Constance Dowling (July 24, 1920 – October 28, 1969) was an American model turned actress of the 1940s and 1950s.

==Early life and career==
Born in New York City, Dowling was a model and chorus girl before moving to California in 1943. She had two brothers, Richard Dowling and Robert Smith Dowling, and was the elder sister of actress Doris Dowling. She attended Wadleigh High School for Girls in New York City.

Dowling was a dancer at the Paradise nightclub in New York City, a job that she obtained by lying about her age to her employer and lying about the job to her mother.

==Stage==
Prior to her move to Hollywood, she appeared in several Broadway productions, including Quiet City, Liliom, Panama Hattie (with sister Doris), Hold On To Your Hats, and The Strings, My Lord, Are False.

==Film==
Dowling—promoted by press agents of producer Samuel Goldwyn as three-dimensional ("she can sing, she can dance and she can act")—began her screen career appearing in Up in Arms (1944) for Samuel Goldwyn. At the time, newspaper columnist Sheilah Graham reported that Danny Kaye "was hoping for a big movie name to star opposite him ... but boss Sam Goldwyn thinks otherwise and has signed" Dowling. In the same year, she appeared opposite Nelson Eddy in Knickerbocker Holiday,

In 1946, newspaper columnist Hedda Hopper reported that Dowling had signed a long-term contract with Eagle-Lion Films. Soon after having appeared in The Well-Groomed Bride (1946) and Black Angel (1946), she was loaned to Columbia Pictures to appear in Boston Blackie and the Law.

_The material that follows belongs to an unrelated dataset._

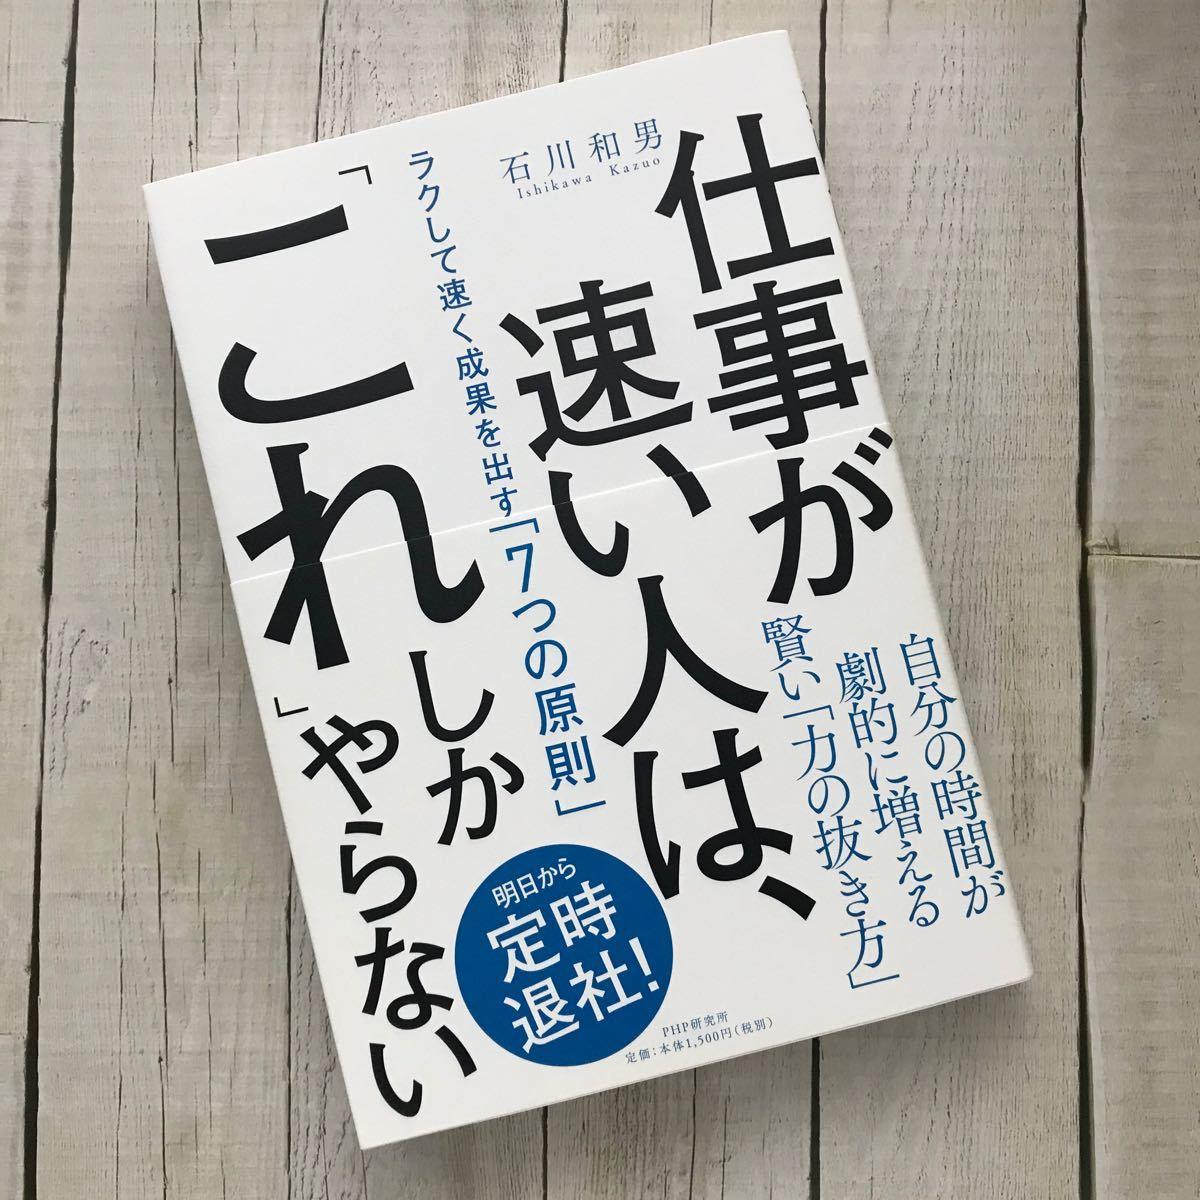 仕事が速い人は、 「これ」 しかやらない ラクして速く成果を出す 「7つの原則」 石川和男

Dowling lived in Italy in 1947 through 1950 and appeared in several Italian films. Dowling returned to Hollywood in the 1950s and landed a part in the sci-fi film Gog, her last film.

==Personal life==
Dowling had been involved in a long affair with married director Elia Kazan in New York. He couldn't bring himself to leave his wife and the affair ended when Dowling went to Hollywood under contract to Goldwyn. She was later linked with the famous Italian poet and novelist Cesare Pavese who committed suicide in 1950 after a lifelong depression aggravated, at one point, by having been rejected by Dowling who, in Pavese's poetry, is often linked to spring ("face of springtime"). One of his last poems is entitled "Death will come and she'll have your eyes".

In 1955, Dowling married film producer Ivan Tors, writer and producer of her last film. (Another source, published two years earlier, refers to Dowling and Tors as "honeymooning.") She then retired from acting, going on to have three sons and a foster child with Tors: Steven, David, Peter and foster son Alfred Ndwego of Kenya. (An obituary listed Ndwego as an adopted son rather than a foster son and spelled his last name Ndewga.)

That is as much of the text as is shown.